This was the day I met Millie.
My boyfriend’s sister was at her seasonal job as a nanny on the first of July when, in her words, a small, light tan dog emerged from the bushes near the parking spot she pulled into. After a couple of excitable coos and “hello’s” apparently the dog didn’t need much more of an invitation from her to jump into the car (she hadn’t even had a chance to shut the car door). Since my boyfriends and mines house was a mile away, she took this sweet, collarless terrier mix to our garage and called me at work. Side bar, if a close-living sane family member who you trust asks for your garage door keypad code, always give it to them. I was thankful I did.

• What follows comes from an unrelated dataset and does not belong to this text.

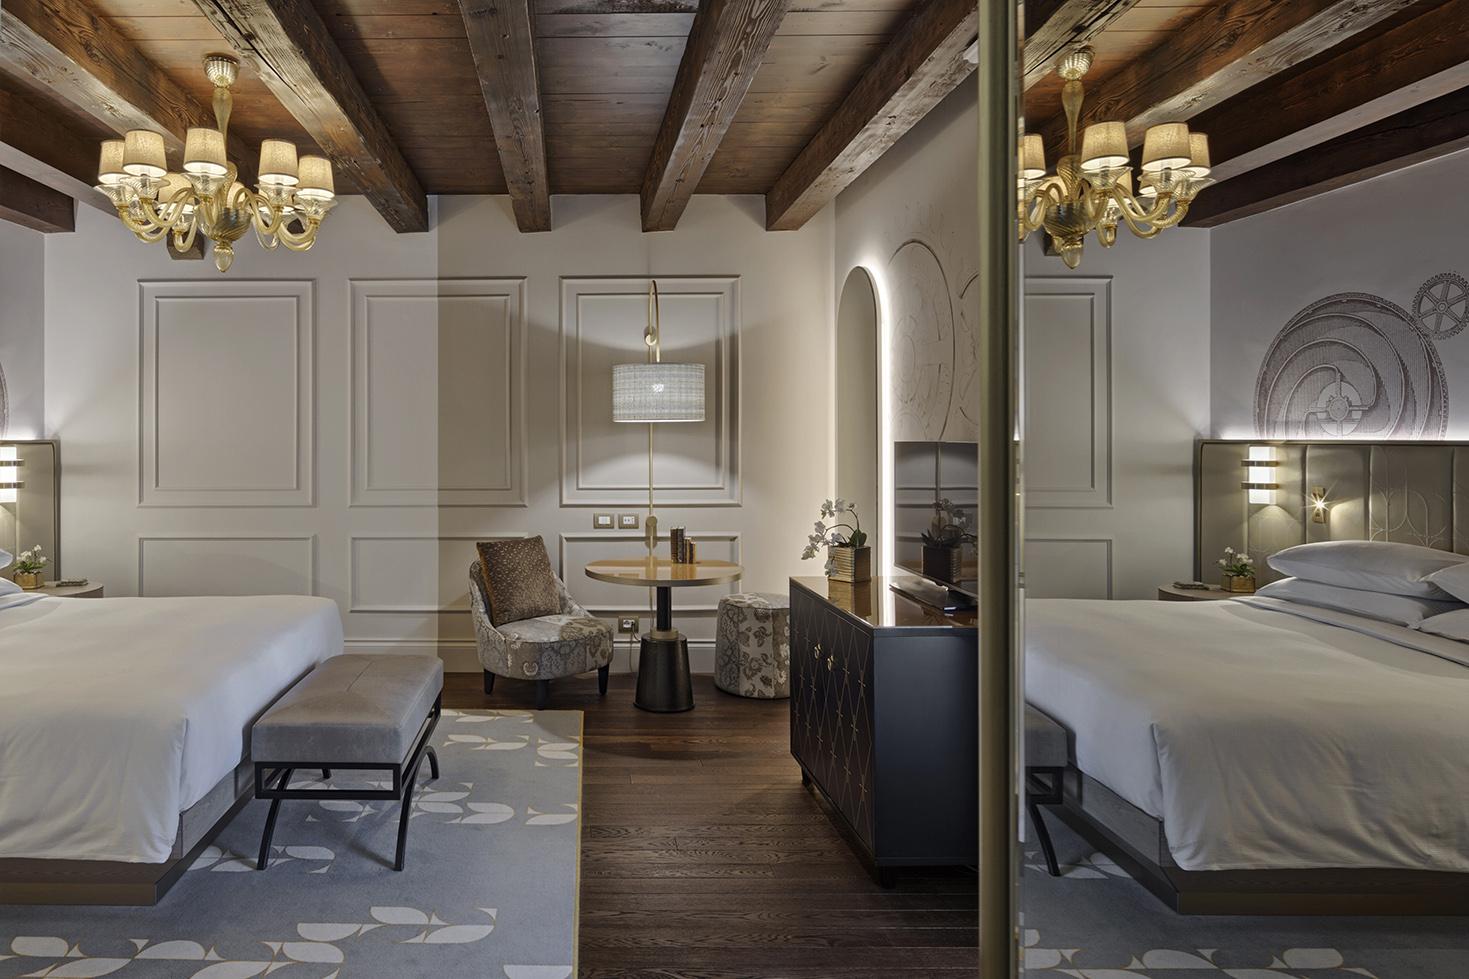 Hotel Hilton Molino Stucky, room Andrea Sarti  CAST1466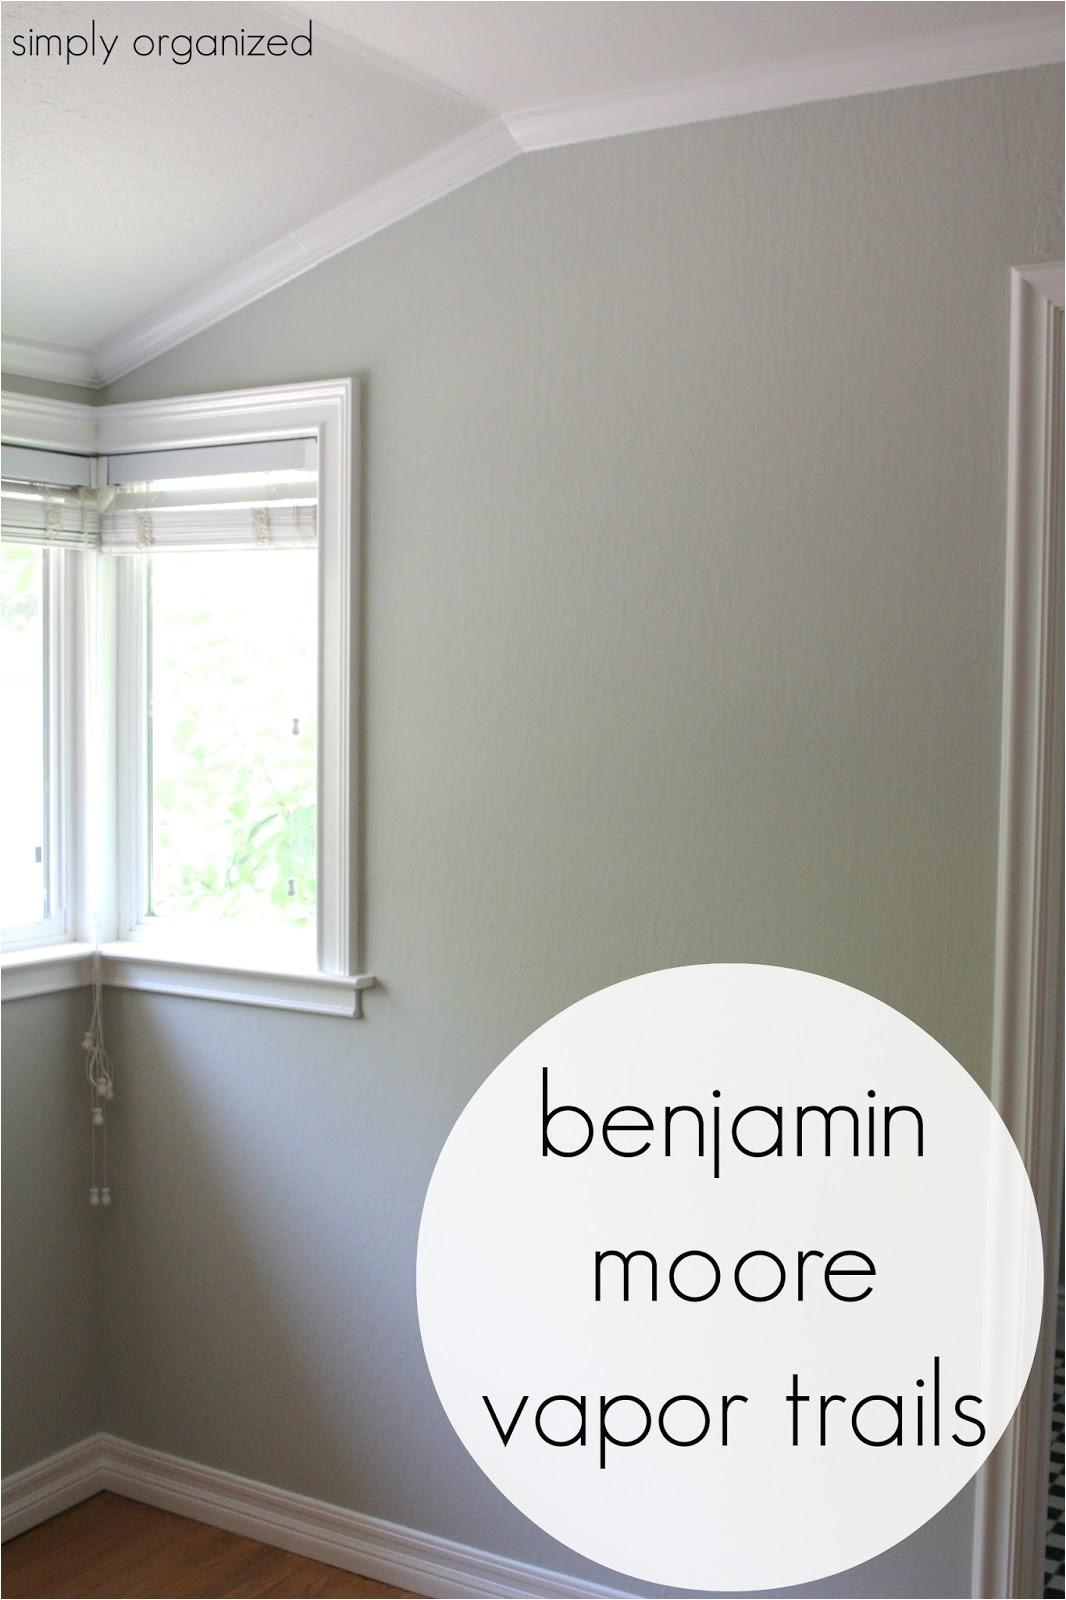 Benjamin Moore Vapor Trails Undertones My Home Interior Paint Color Palate Simply organized

One of the first things we did was take her to our vet to get her scanned for a microchip. No luck. We searched and searched and searched. We posted flyers around our neighborhood. We went to the country club where she was found multiple times to see if they’d heard of anyone missing a dog. We posted on various social media outlets… and those posts were shared like wildfire amongst our friends and family. In the meantime, “Millie,” as we had begun to call her (a variation of the name of the country club where she was found), seemed to take in every new scent and square foot of her temporary home with ease and enthusiasm. With the exception of our German Shepherd, Wrigley; she wasn’t too keen on him right away. He’s got an intimidating appearance but is a big softie.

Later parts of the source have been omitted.